Il secondo libro dei Re si apre con il rapimento in cielo di Elia da parte del Signore e l'investitura come profeta del suo discepolo Eliseo, che compì diverse opere potenti e parlò per conto del Signore. La sua storia si intreccia con quella di diverse persone, forse la più importante e significativa è quella di Naaman. Capitano dell'esercito siro, era un uomo valoroso ed onorato, che purtroppo aveva contratto la lebbra: tramite una sua serva ebrea venne a sapere dell'esistenza di Eliseo e lo mandò a chiamare. Convinto che il profeta si sarebbe presentato al suo cospetto, vide invece arrivare un servitore che gli recapitava questo messaggio: «Tuffati sette volte nel Giordano e sarai guarito.» Naaman dovette spogliarsi del suo orgoglio e fare il semplice gesto di ubbidire alla parola del profeta, e fu completamente guarito.

Poco dopo salì al trono il re Ioas, ricordato per il desiderio profondo di restaurare il tempio. Ma, nonostante spiritualmente il popolo si fosse risollevato durante il suo regno, tutto ciò fu solo transitorio e Israele ricominciò a decadere anche politicamente, tant'è che in breve tempo il popolo fu deportato in cattività.
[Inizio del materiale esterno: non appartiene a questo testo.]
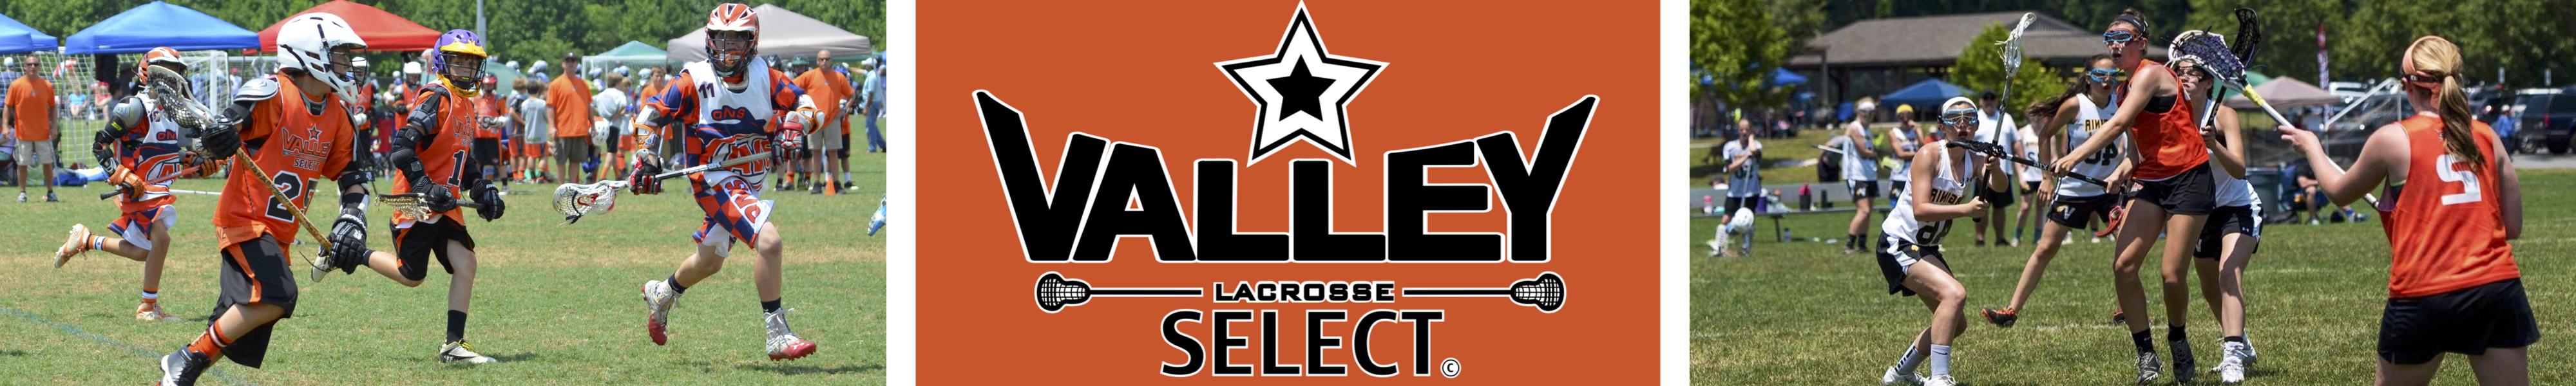 Valley Select, Lacrosse, Goal, Field

È una storia tragica: il popolo eletto, che doveva essere una luce per tutti i popoli, per un periodo di circa duecento anni sprofondò sempre più nell’infedeltà e nella degradazione morale finché cadde sotto il giudizio di Dio e fu deportato dai nemici assiro-babilonesi. Il regno del Nord fu distrutto, ma la sua esperienza non servì a quello del Sud, che finì con il commettere gli stessi errori.

Fra i re che si susseguirono, praticamente nessuno dimostrò timor di Dio. Una eccezione a quella escalation di malgoverno fu costituita da Giosia: durante i lavori di restauro del tempio, egli ritrovò i rotoli della legge e, leggendoli, si rese conto di quanto sia lui stesso che il popolo fossero mancanti davanti a Dio. Fu la lettura della Parola di Dio, che a quel tempo consisteva soltanto nel pentateuco, che produsse il ravvedimento. Ma, sebbene sotto il regno di Giosia sembrasse che la situazione potesse prendere una piega diversa, i re successivi si rivelarono pessimi e Dio arrivò a non tollerare più l'iniquità del popolo. Usò la nascente Babilonia per fare imprigionare e portare lontano una parte del popolo dalla terra che Lui stesso gli aveva assegnato, ma nonostante ciò, la rimanenza della popolazione non si pentì e indurì il suo cuore. A quel punto, Nabucodonosor rase al suolo la città di Gerusalemme, distrusse il tempio e lo saccheggiò.